And if you go back and look at maybe the greatest company of our era, Apple, and the greatest stock — a stock that made people insanely rich — Apple releases the iPhone in 2007. The P/E of Apple is 30. The iPhone isn’t a success for two years. Around 2009, on the iPhone 3, people start to think — myself included. I didn’t think the original iPhone One or Two were that useful. There was no App Store, there was no cut and paste. They were kind of toys.

Around 2009, the iPhone starts working. It’s iPhone 3. By 2012, they’re around the iPhone 4 and iPhone 5. Everybody agrees it’s a cool product. Apple stock peaks, then it crashes. Between late 2012 and May 2013, Apple stock falls 45% — the same 45% Bitcoin falls. The Apple P/E goes to 10. The Ford P/E is less than 10. It’s being valued like a tired cash cow utility company — like no technology, no future. People are down on it.

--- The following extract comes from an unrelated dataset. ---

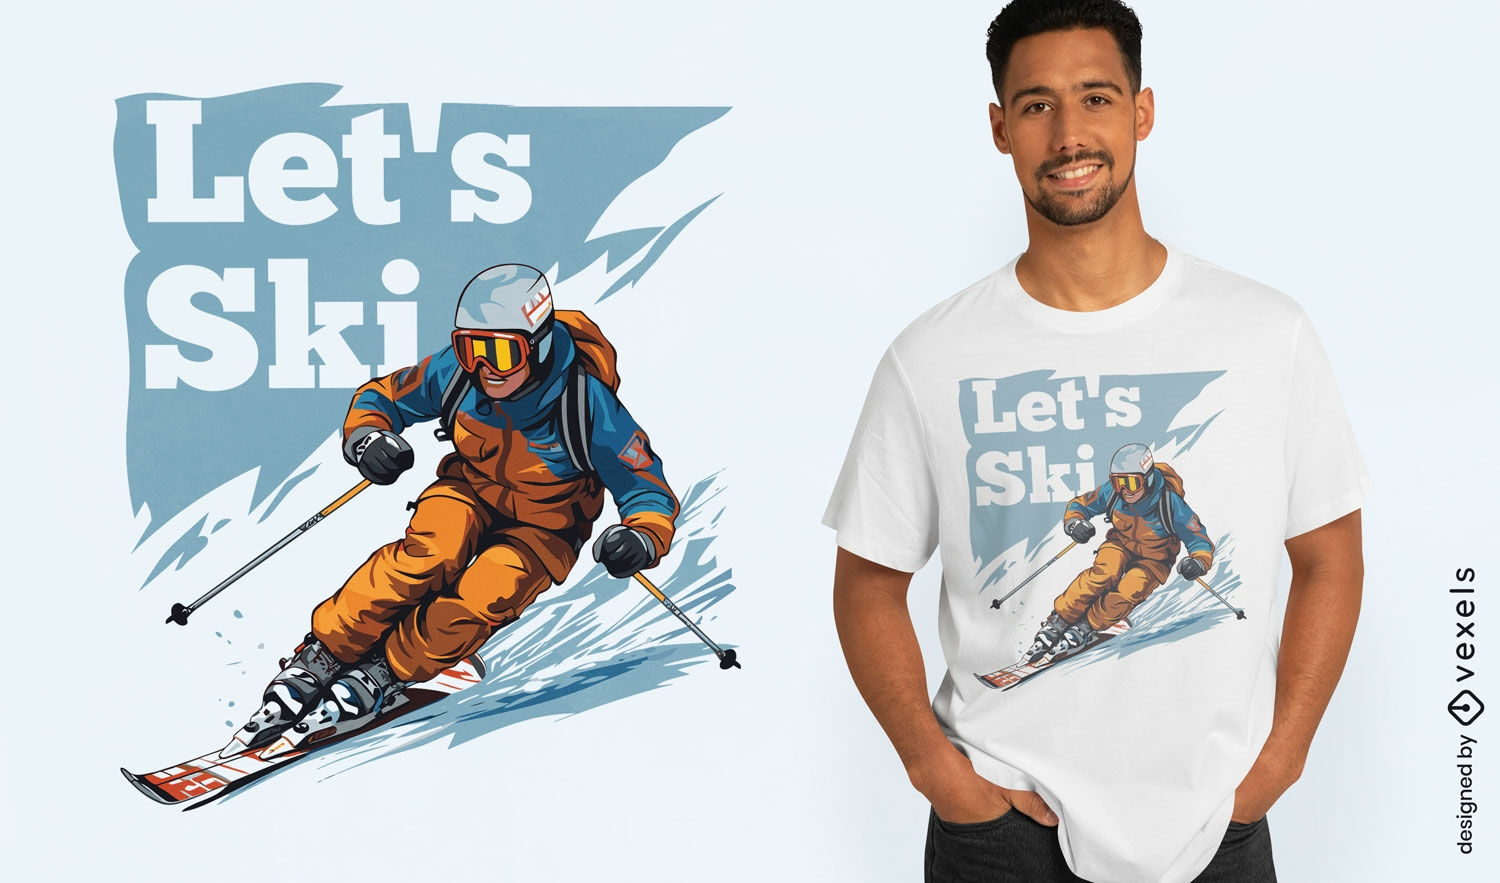 Diseño de camiseta vamos a esquiar.

You know how long it takes, Natalie, before Apple recovers to a P/E of 30 from 2013?

NATALIE BRUNELL: Years.

MICHAEL SAYLOR: Seven years.

NATALIE BRUNELL: Seven years.

The Apple Parallel: Patience in Innovation

MICHAEL SAYLOR: In 2020, Apple returns to a P/E of 30. So it’s a 13-year cycle from 2007 to 2020. The greatest company of its era — at many times the most valuable company, the most successful product, the product that a billion people agree is something they can’t live without, maybe the most successful product in the history of the human race — takes 13 years peak to trough to peak, and 7 years to recover.

And you know what it took for people to give Apple the P/E of 30 again? The endorsement of Carl Icahn and Warren Buffett. Two people who probably didn’t even use the iPhone that much, if at all. You never would have read a review from Carl Icahn or Warren Buffett on the iPhone. Are they at the top of your technology advocate list or technology reviewer list?

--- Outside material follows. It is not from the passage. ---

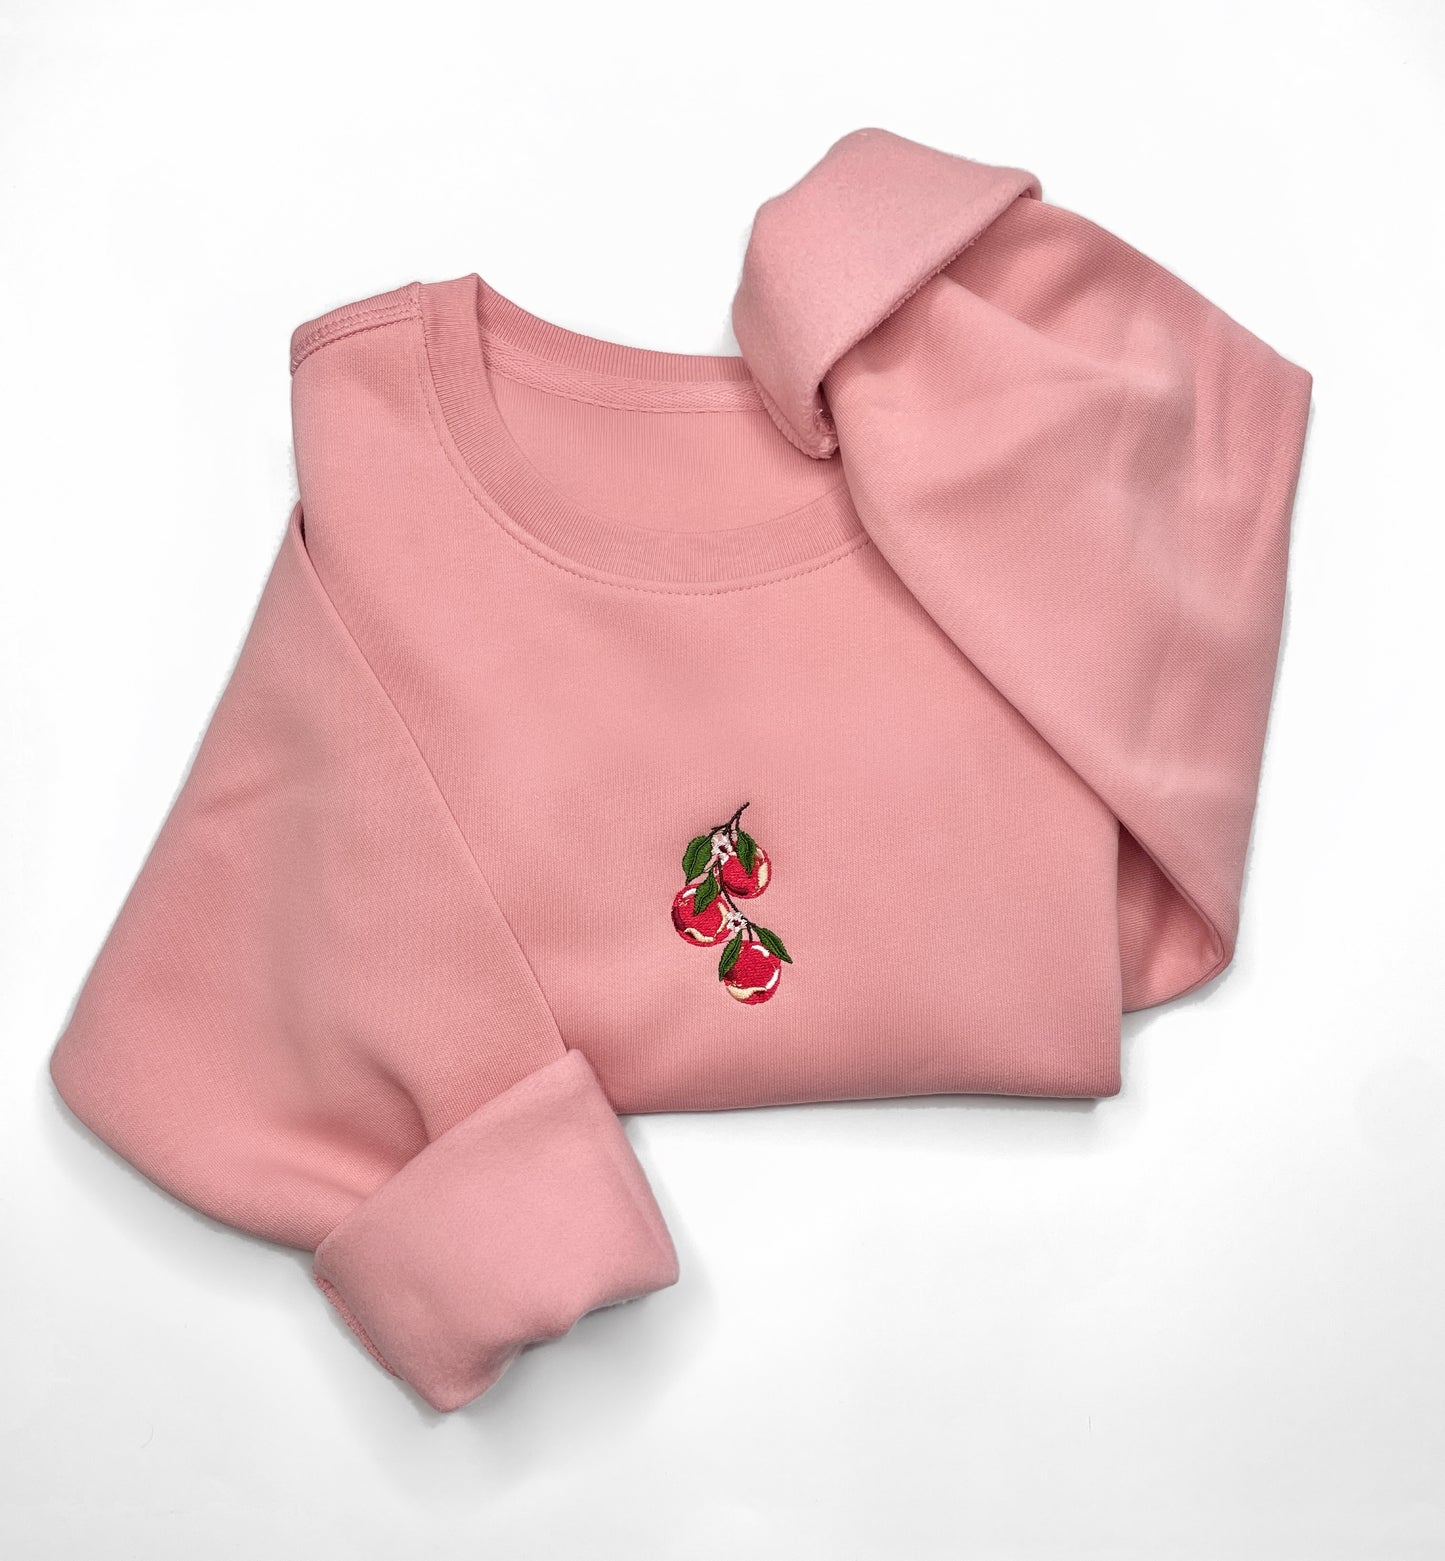 Embroidered Sweatshirt - 'Apple Pawtumn Jeans'

So that’s an example of how conventional markets evaluate innovation. And here’s the irony — right at the point that I give that speech, I’m saying, “Hey, this is an iPhone 5. There’s not a 6-year-old that doesn’t want this iPhone 5.” At the point I give the speech, there’s general consensus that the iPhone is something you can’t live without, and no one’s got a product nearly as good. And yet the conventional market is counter-trading it.

Big Tech and the Pattern of Underestimation

MICHAEL SAYLOR: If you got rich in the past decade, you probably bought big tech. You probably bought Apple, you probably bought Google, you probably bought Meta. Maybe you bought Amazon, maybe you bought Nvidia, maybe you bought Tesla. There’s no way you got rich without buying big tech. Big tech has been the primary screaming success. The stocks are up 10x, 20x, 30x, 50x. But in all cases, you find examples of the conventional market underappreciating and underestimating them.

With Apple, it was seven years through the wilderness. With Amazon, I remember for something like four to eight years, conventional wisdom was, “Amazon’s an awful company. They’ll never make any money, they’ll never amount to anything.” You almost could have bought Amazon anytime for a decade while conventional investors crapped all over it. It wasn’t until 2020 during the lockdowns that people said, “Oh wow, I guess we need Amazon.”

And of course, just this last week, Amazon’s revenue surpassed Walmart, and Amazon became the largest company in the world by revenue. But when could you have concluded Amazon was going to work? 2010? 2012? It was already obvious there was going to be no competitor to Amazon. No one could possibly do what they were doing by 2012 — eight years before conventional wisdom agreed.

Bitcoin as Global Digital Capital

MICHAEL SAYLOR: The same is true with Apple. So what about Bitcoin? At what point do you have the fundamental ability to conclude that Bitcoin is global digital capital?

What’s the evidence? The President of the United States is telling you. The head of the Fed, Kevin Warsh, is telling you. The head of the Treasury, Scott Bessent, is telling you. The head of the SEC, the head of the CFTC, eight other cabinet members, all the Middle Eastern sovereign wealth funds are telling you.